Editor’s note: This post was last updated on 30 August 2021 to improve code, images, and any outdated information. However, it may still contain information that is out of date.

A progress bar, sometimes referred to as a progress indicator, is a visual representation of a task’s progress. This can include operations like downloading, file transfers or uploads, installations, program executions, or completed steps in profile setup.

Software with a UX that integrates progress bars lets users know if there are processes running, expected run times, and when portions of work are complete.

Progress bars can be determinate or indeterminate. Determinate progress bars show completed and incomplete data while indeterminate progress bars are used when metrics can’t be immediately determined.

Top Animation Shows Determinate Progress Bar Slowly Moving To End, Bottom Animation Shows Indeterminate Progress Bar Moving Without Filling The Whole Bar

In this article, we will learn how to build a determinate progress bar for React Native.

While there are a few React Native packages for progress bars already, such as react-native-progress-bar-animated and react-native-progress, ultimately, it comes down to personal preferences and creating something that you can tweak to meet your requirements.

React Native also has a progress bar component, ProgressBarAndroid, which is only available for Android. If you want your iOS app to have a progress bar, you must use an existing npm package or build one yourself.

Getting started building the progress bar

This article assumes that you are familiar with React Native or, at the very least, React, and React Hooks.

To get started, use Expo CLI or React Native CLI to bootstrap your project. For the purposes of this article, we will use Snack, which allows us to try React Native directly in a web browser.

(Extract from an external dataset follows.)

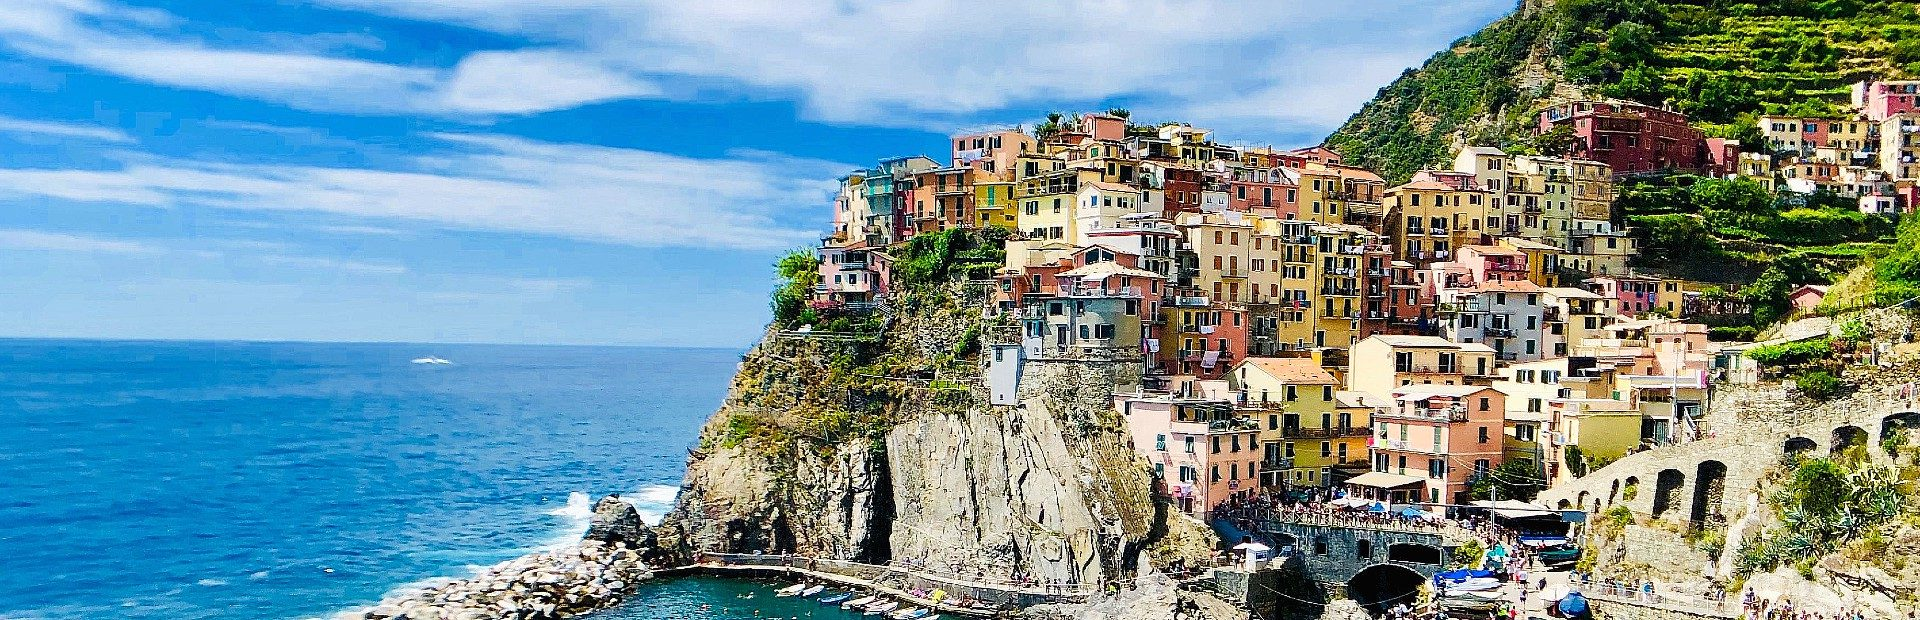 Italië vakantie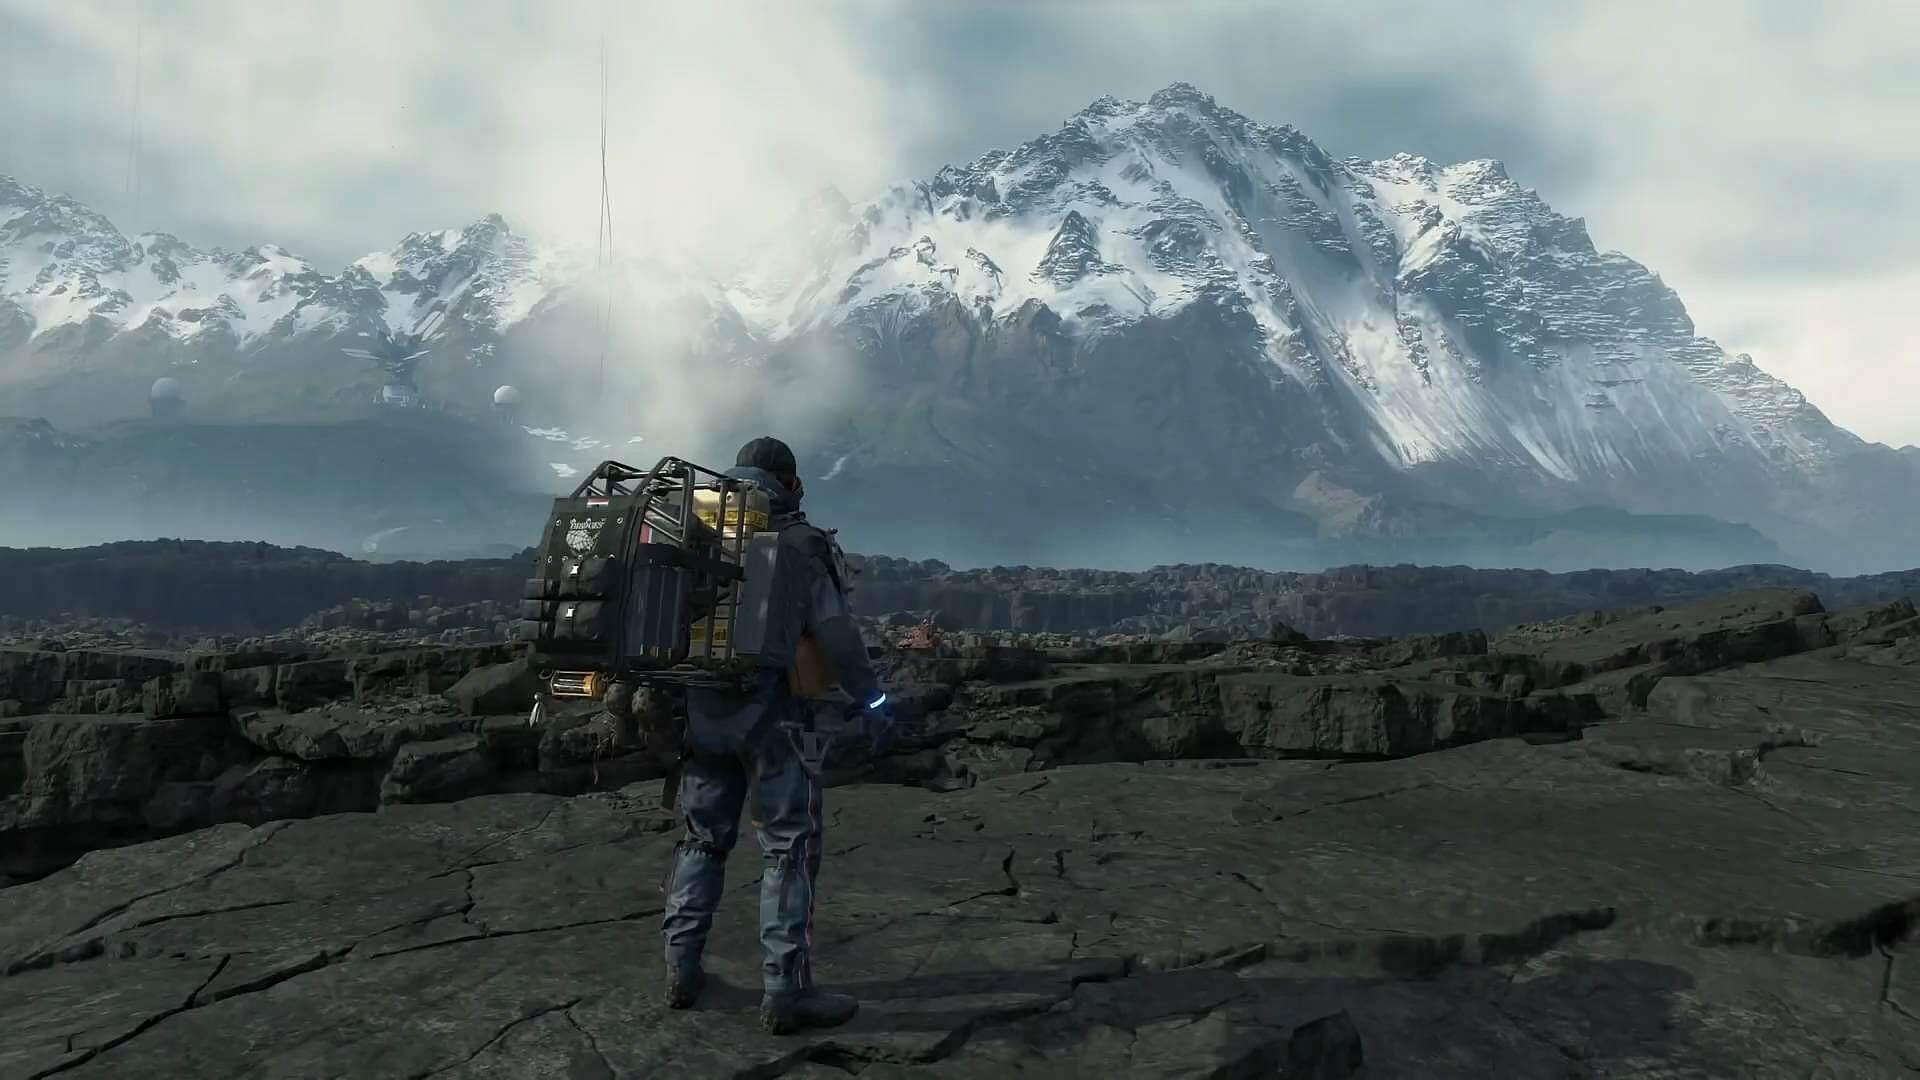 death stranding mountains

We made a custom demo for .
No really. Click here to check it out.

We will make our changes in the App.js file. Let’s clear what we already have and add the following code to App.js:

import React, { useEffect, useState, useRef } from 'react';
import { Text, View, StyleSheet } from 'react-native';
import Constants from 'expo-constants';
 
 
const App = () => {
 return (
   <View style={styles.container}>
     <Text>
       We Will Start Here
     </Text>
   </View>
 );
}
 
export default App;
 
const styles = StyleSheet.create({
 container: {
   flex: 1,
   justifyContent: 'center',
   alignItems: 'center',
   paddingTop: Constants.statusBarHeight,
   backgroundColor: '#ecf0f1',
   padding: 8,
 },
});

This renders the View component with some text in it. The device simulator should update automatically.

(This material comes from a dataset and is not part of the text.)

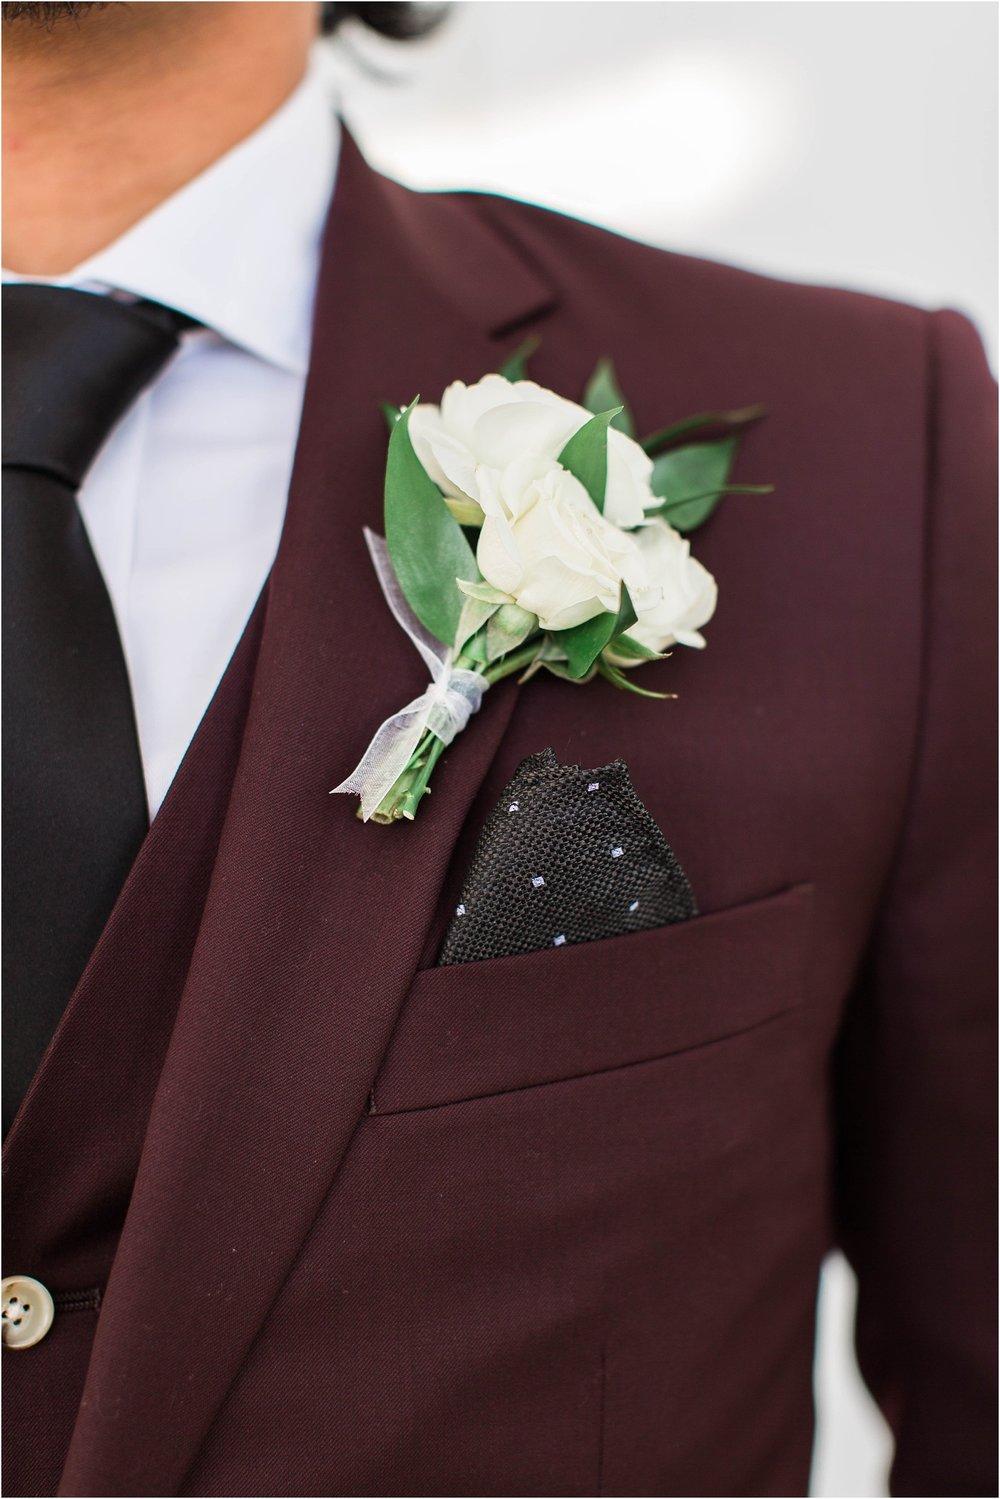 Red-Rose-Convention-Mint-Room-Wedding-Toronto-Mississauga-Brampton-Scarborough-GTA-Pakistani-Indian-Wedding-Engagement-Photographer-Photography_0112.jpg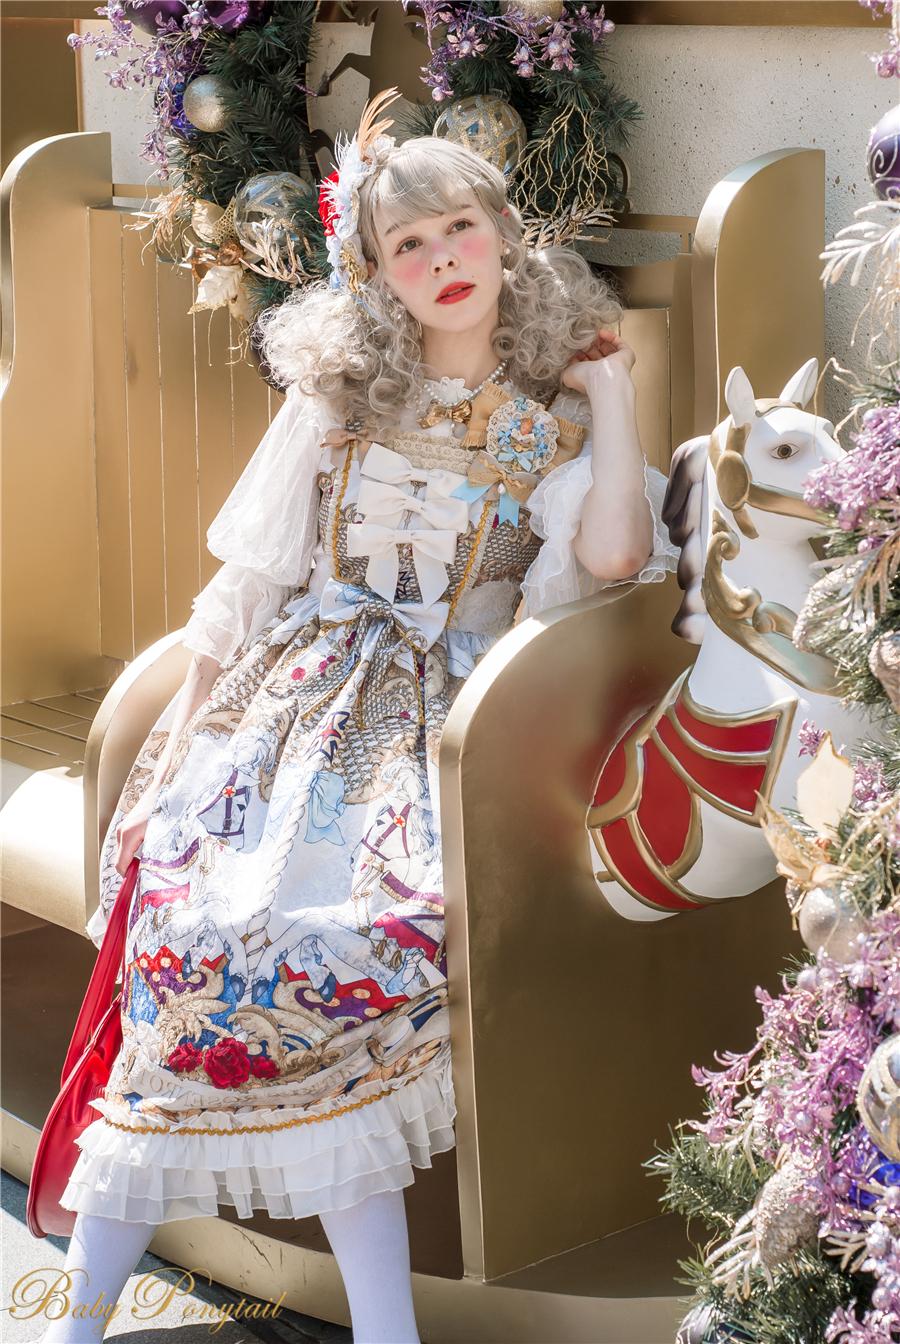 Baby Ponytail_Circus Princess_Silver JSK_Claudia27.jpg

Starting Page That Says We Will Start Here

Building the progress bar

Before we start building the progress bar, we must determine what it will look like and what we need to show. A simple progress bar usually has descriptive text, like loading, and the actual bar representing the progress of the operation.

We must also add some text that shows what percentage of the operation is complete. Let’s create the skeleton of our progress bar. In our App.js, change the text in our Text component to Loading.....:

<Text>
  Loading.....
</Text>

Styling the React Native progress bar

We want the Loading..... text to be above the progress bar and the completion percentage below the bar. So, change the container styling to align the child components in a column.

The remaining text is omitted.